У Зинишина на заставе еще до войны завелась корова — то ли Машка, то ли Буренка. Вечно она хрупала нетоптаную травку на Петровской просеке, и солдату было в удовольствие приглядеть за ней. А когда все началось — не углядели, ушла Буренка на ничейную полосу в густую траву, где накануне саперы выставили много мин-ловушек. Того и гляди, напорется на них и пропадет. И не только пропадет, но и демаскирует минное поле. Но Буренка на мины не полезла, обошла и, может быть, кое-кого обманула на той стороне. Благодарные ей саперы послали ночью на ничейную полосу Серегу Думичева, он лучше других знал в минах проход. По-пластунски Думичев выбрался на минное поле и выманил корову за собой, открыв, конечно, секретный проход противнику. Они выследили корову, но не углядели Думичева, который вернулся и проход заминировал. И не зря: сунулись было за Буренкой следом лазутчики, да подорвались…

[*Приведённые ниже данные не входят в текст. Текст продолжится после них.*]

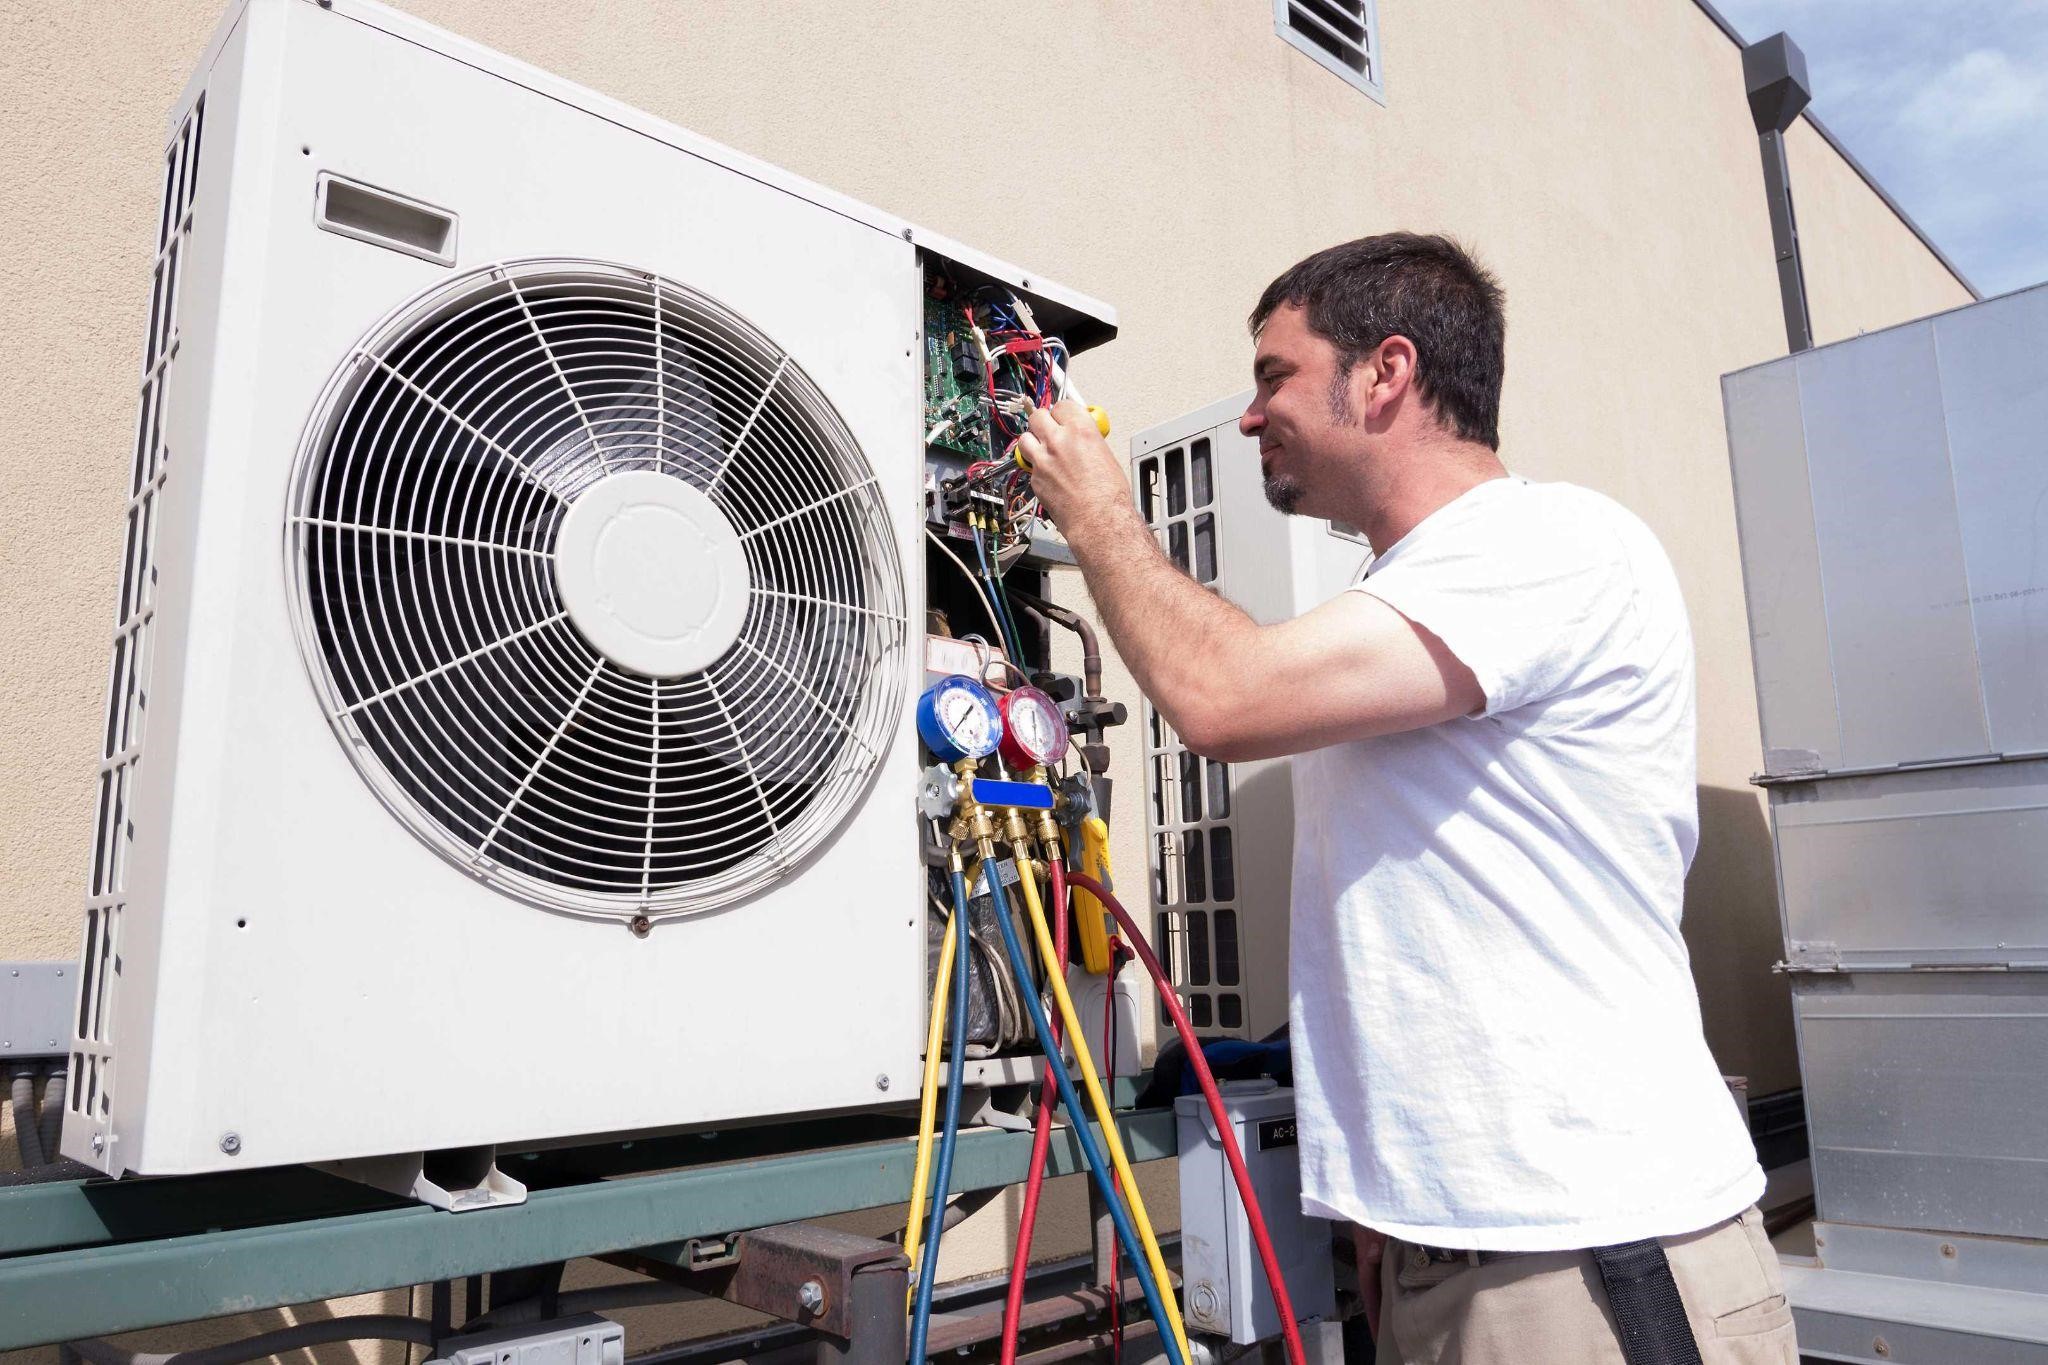 #7 Common Mistakes Homeowners Make When Hiring HVAC Technicians

Вот эта коровка стала кормилицей Бориса, сына отряда, пограничники ежедневно доставляли в госпиталь ее молоко; от пограничников армейцы прознали, кто такая Люба, и кто-то позвонил на Утиный мыс.
Из Кронштадта в это время пришел еще один отряд кораблей, на них грузили уже и моряков-артиллеристов, на Утином стало совсем безлюдно, ушел Брагин с большей частью своих матросов, к его пушкам поставили сокращенные расчеты, включив в них даже писарей штаба.
Корабли эти сразу ушли нагруженные к Гогланду, а «Урал» все еще стоял на рейде, лишь изредка меняя место стоянки, потому что по рейду били финские батареи, а в небе появлялись германские самолеты. Кабанов дожидался прихода тральщиков, чтобы вместе с «Гафелем» отправить их в охранение «Урала».
Мучительна была участь бойцов, стоящих в трюме, но погрузка продолжалась, там становилось еще теснее. Уже начали грузить и госпиталь.
На Утином собирали боевую группу для замены гарнизонов Хорсенского архипелага. Щербаковский запасался дисками для автоматов, гранатами, готовил своих матросов к штурмовкам и налетам на финские позиции — так было задумано: надо создать видимость активности на флангах, запутать противника. Известие о беде с Любой застало Ивана Петровича врасплох — надо уходить на острова, но и к Любе надо бы съездить. Гранин не разрешил ему отлучаться, хотя Щербаковский доказывал, что поскольку он дважды не смог отправить Любу с сыном с полуострова, он должен это сделать в третий раз. Теперь он посадит ее только на маленький катер, на тихоходный и деревянный, такому мины не страшны.
Его вечный противник Бархатов возмутился:
— Баламут ты, Иван Петрович. На катере она замерзнет. Ей надо идти на «Урале» — тепло и удобно.
— С-ам ты б-аламут, в морском деле щ-енок! — вскипел Иван Петрович и стал горячо доказывать, что на «Урале» ни в коем случае нельзя Любу отправлять: во-первых, огромная мишень для торпед и бомб; во-вторых, управляться с ним трудно, такая парусность, что при малейшем ветре даже на рейде надо подрабатывать машинами, чтобы не развернуло на якоре; и, наконец, кто будет спасать Любу, если накроется эта махина на минном поле, — армейцы, что ли, пехота?!..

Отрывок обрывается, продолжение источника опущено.